**The task**
Every line holding the string "with" should be copied from the listing.

**Records for this task**
- Opening Delimiter -

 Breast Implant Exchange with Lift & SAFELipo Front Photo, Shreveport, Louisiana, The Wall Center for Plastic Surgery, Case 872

- Closing Delimiter -
- Opening Delimiter -

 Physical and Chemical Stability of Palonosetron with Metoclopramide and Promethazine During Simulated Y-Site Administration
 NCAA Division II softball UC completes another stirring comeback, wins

- Closing Delimiter -
- Opening Delimiter -

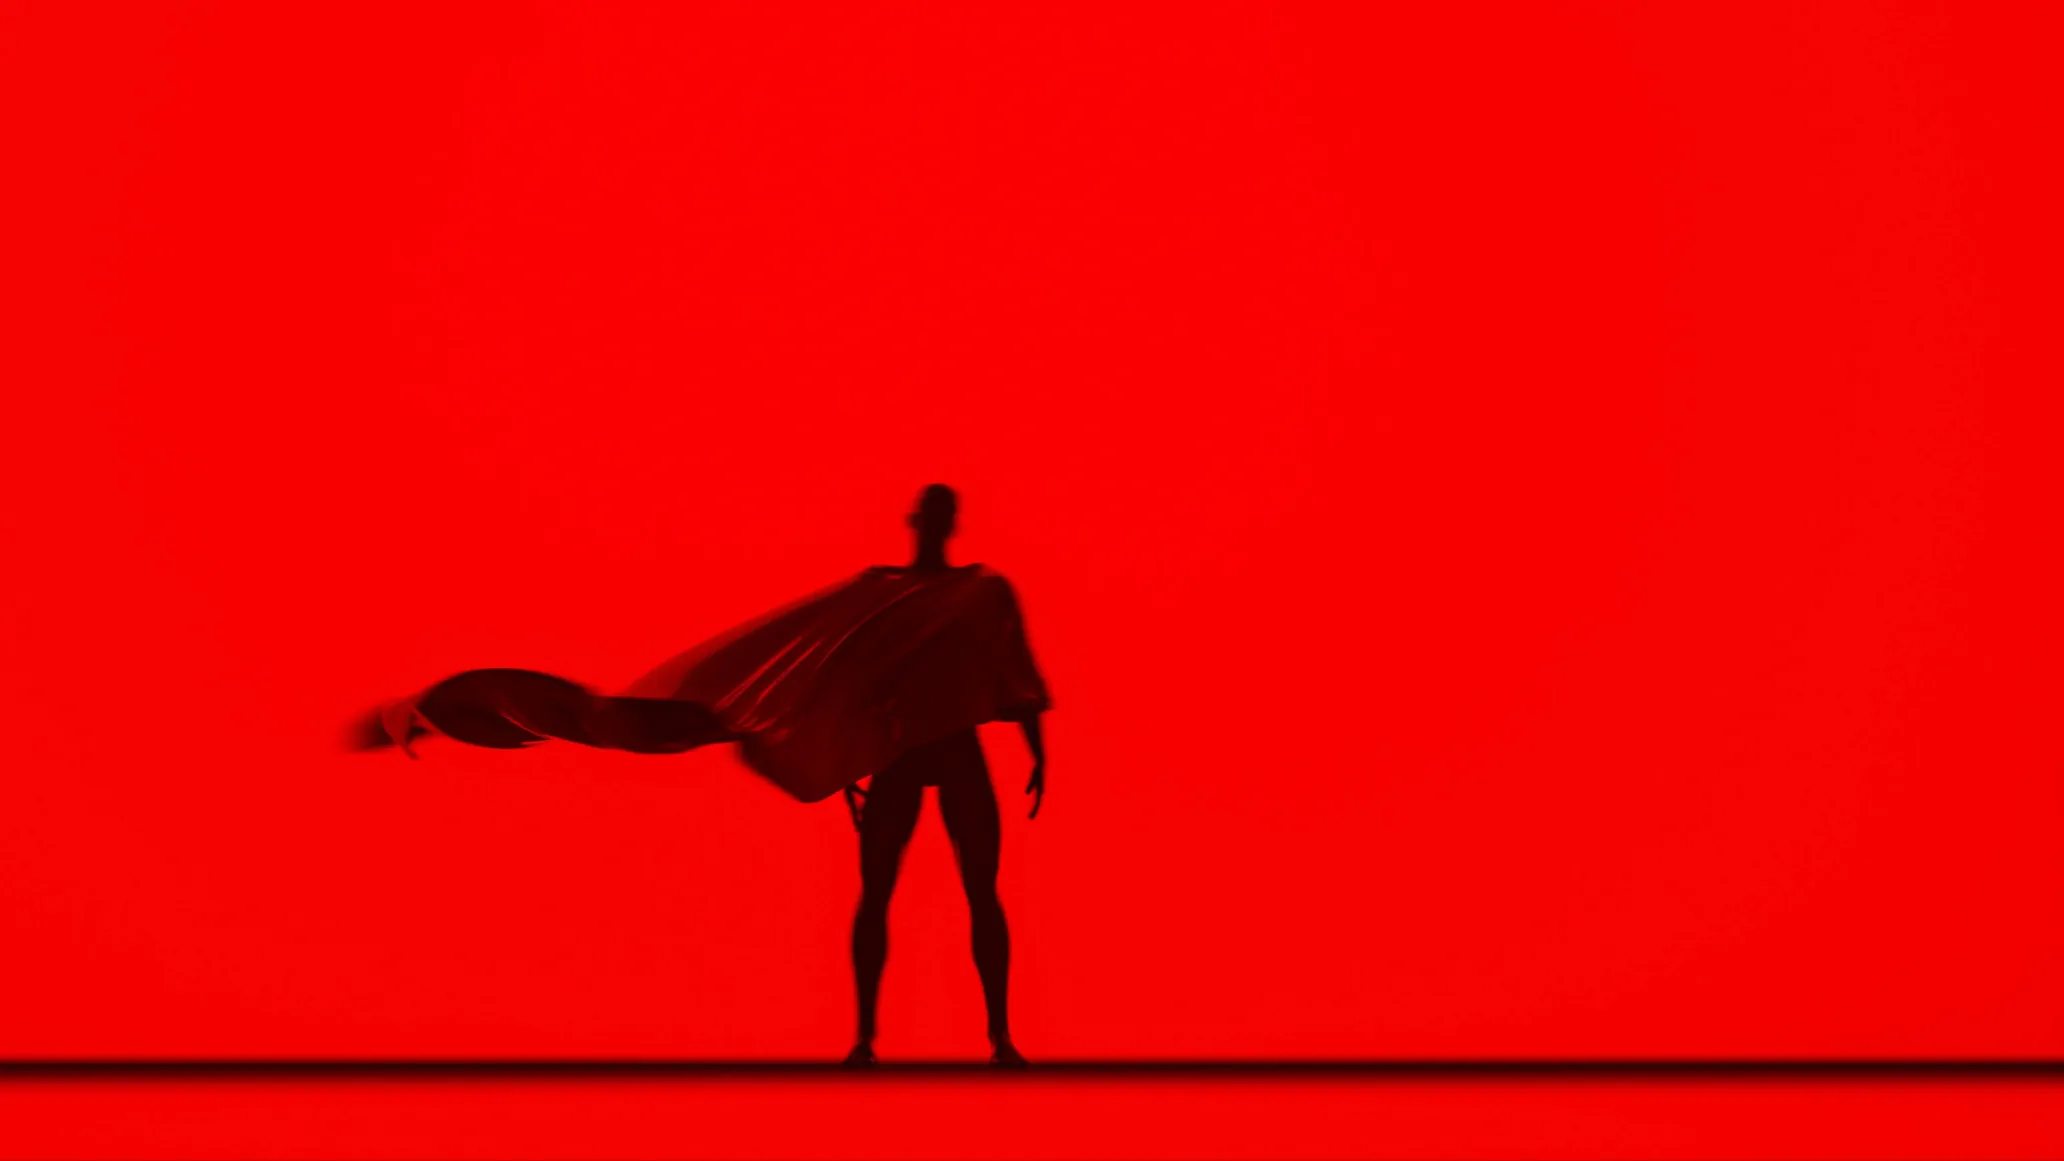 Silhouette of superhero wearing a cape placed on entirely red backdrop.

- Closing Delimiter -

**Solution to this task**
 Breast Implant Exchange with Lift & SAFELipo Front Photo, Shreveport, Louisiana, The Wall Center for Plastic Surgery, Case 872
 Physical and Chemical Stability of Palonosetron with Metoclopramide and Promethazine During Simulated Y-Site Administration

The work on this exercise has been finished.